Task statement => Write out again, word for word, the lines below from the line that holds "Il giardino dell'anima, Villa" through the line that holds "Simon Desanta Lounge", omitting pictures.

Records for the task =>
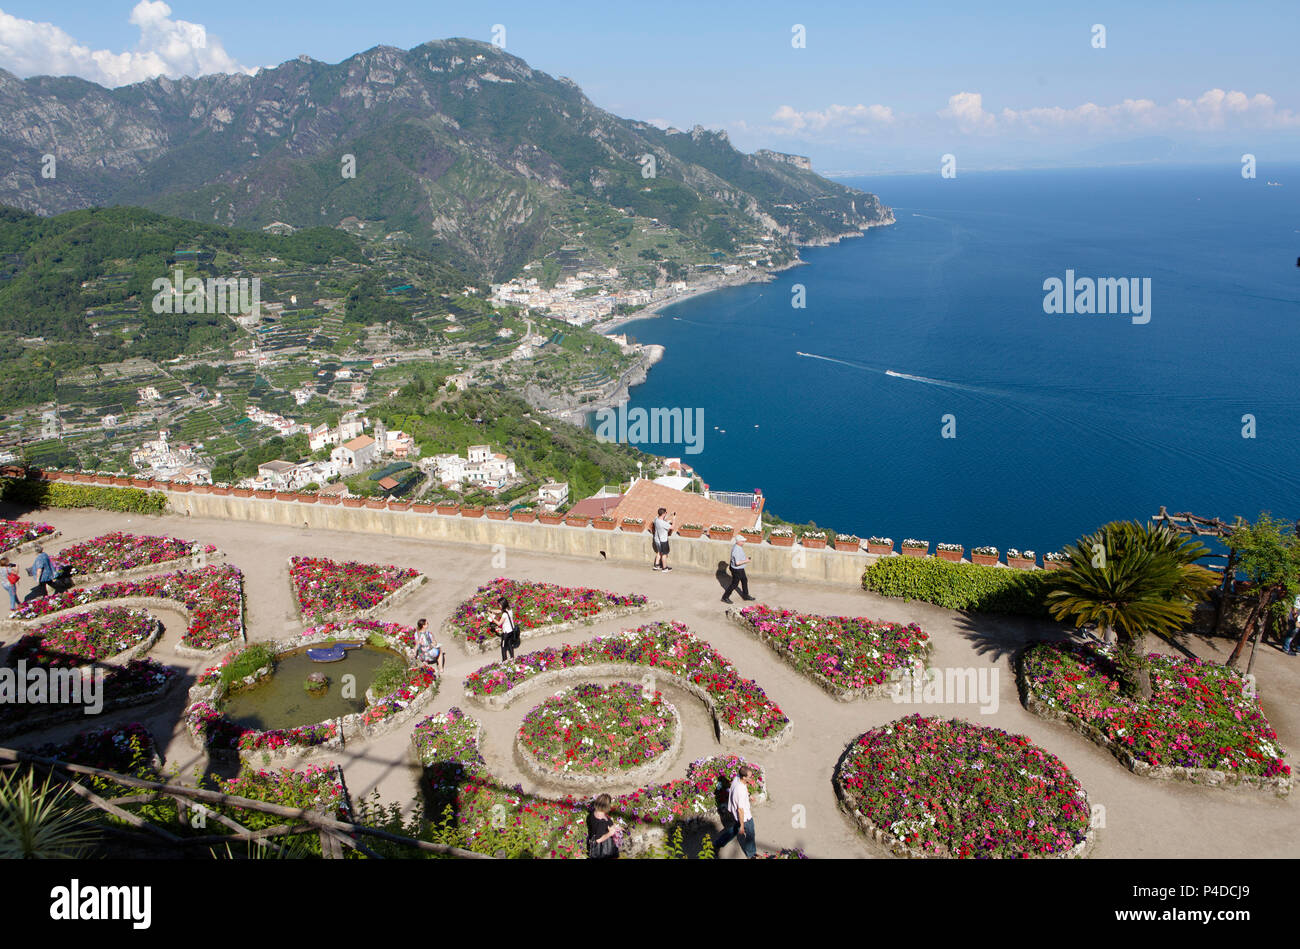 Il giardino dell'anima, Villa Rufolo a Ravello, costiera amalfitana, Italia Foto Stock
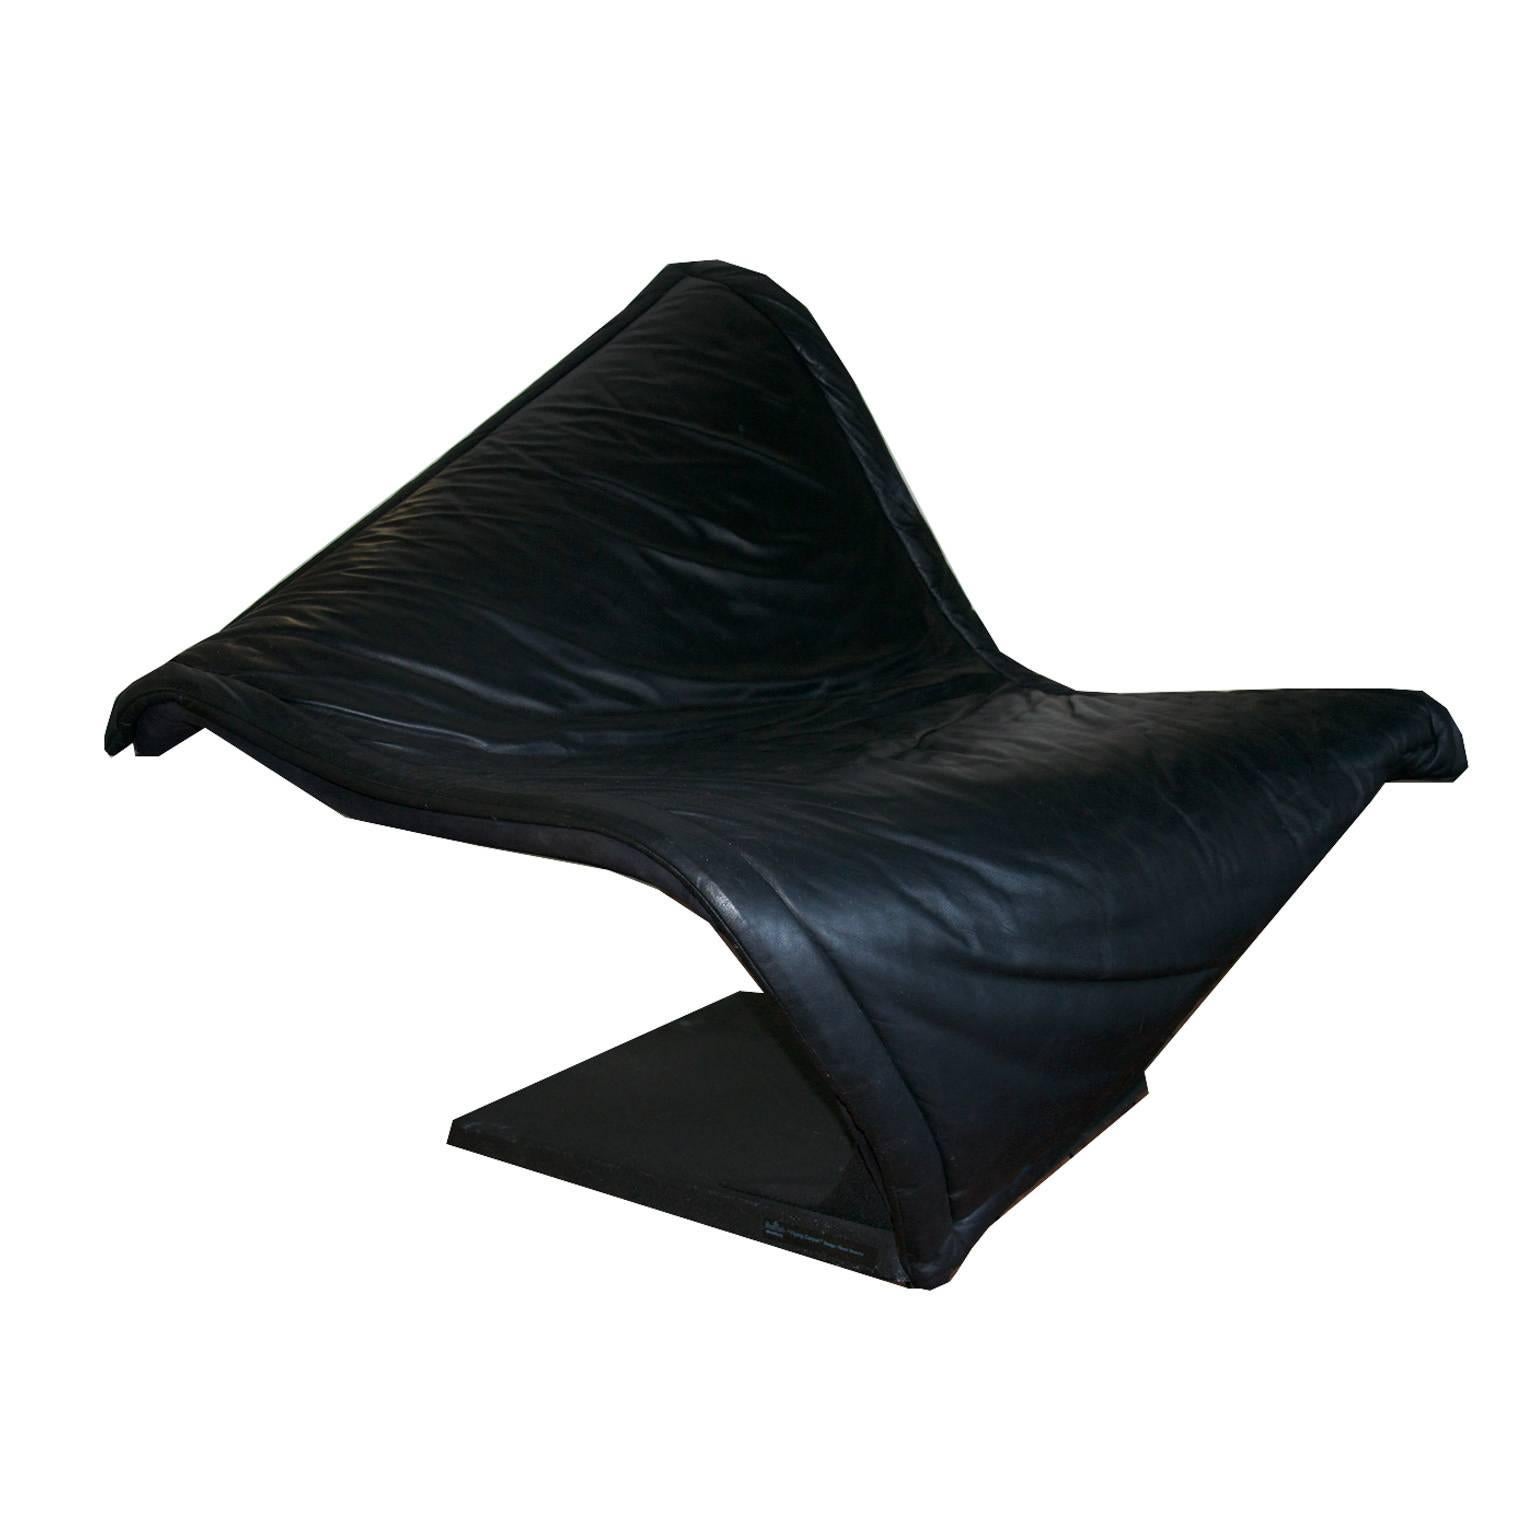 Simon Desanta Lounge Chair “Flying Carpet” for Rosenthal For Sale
* * *
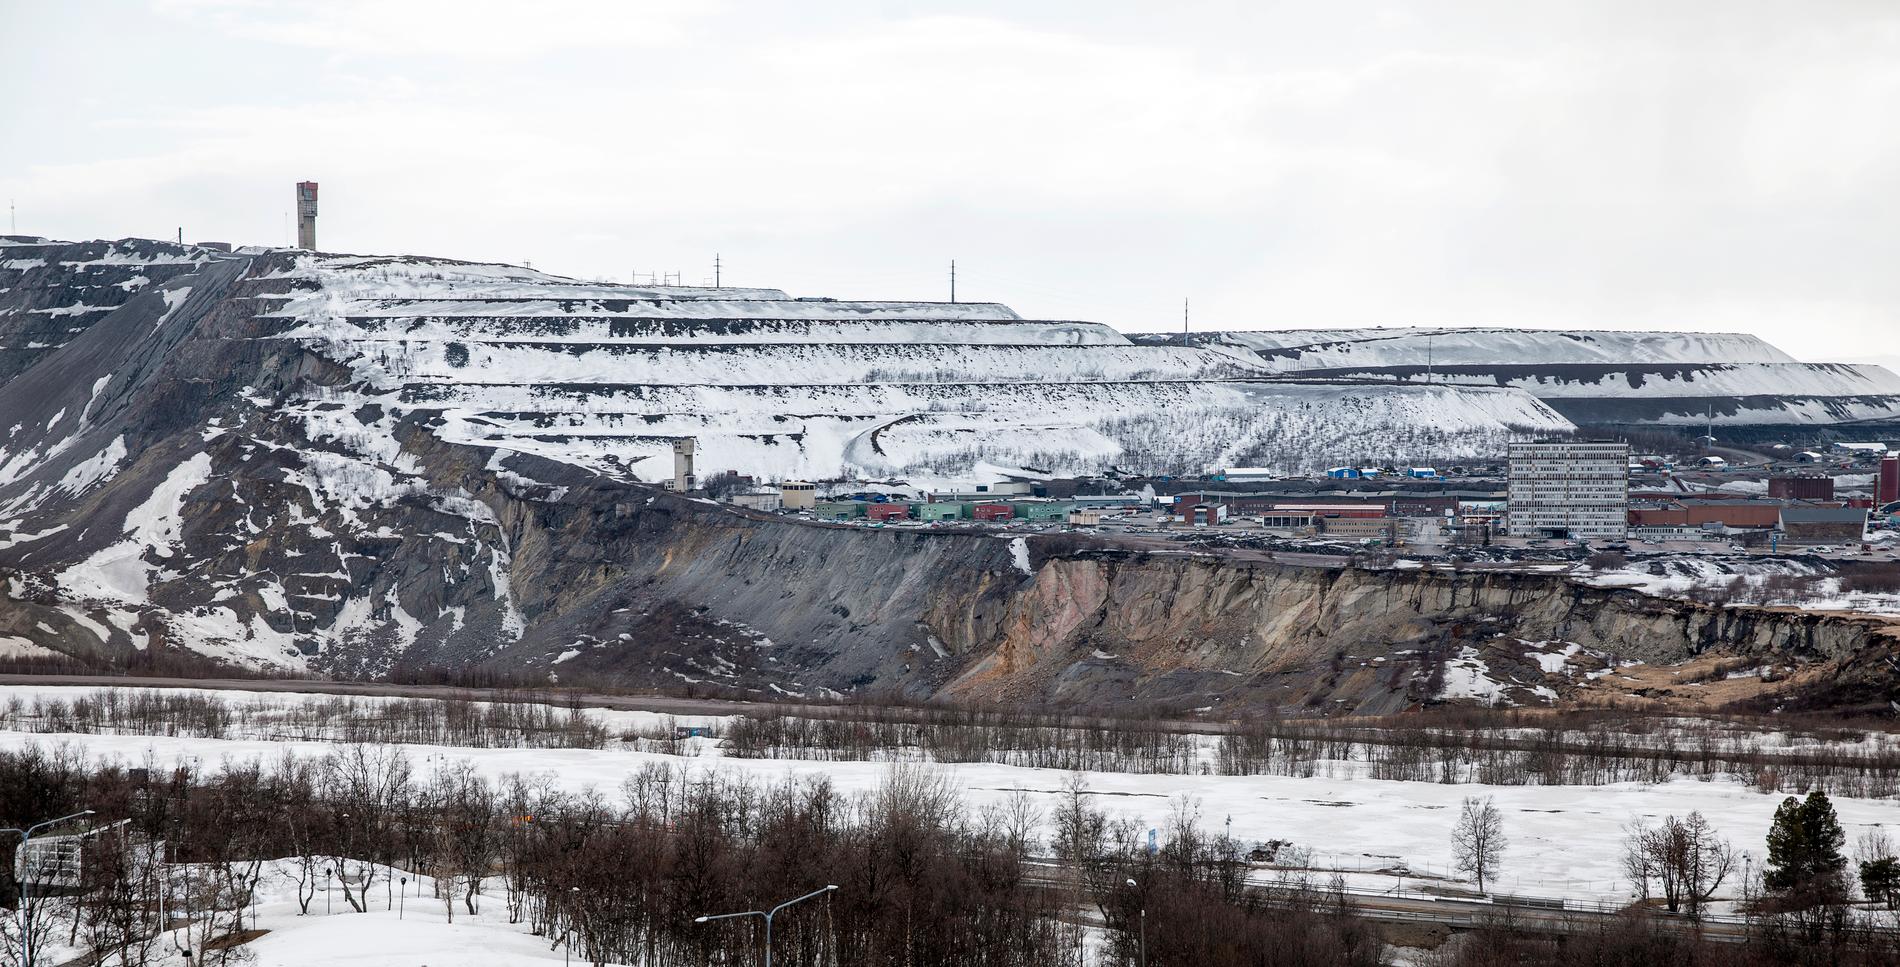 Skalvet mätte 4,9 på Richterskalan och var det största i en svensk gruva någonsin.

Solution to this problem =>
 Il giardino dell'anima, Villa Rufolo a Ravello, costiera amalfitana, Italia Foto Stock
 Simon Desanta Lounge Chair “Flying Carpet” for Rosenthal For Sale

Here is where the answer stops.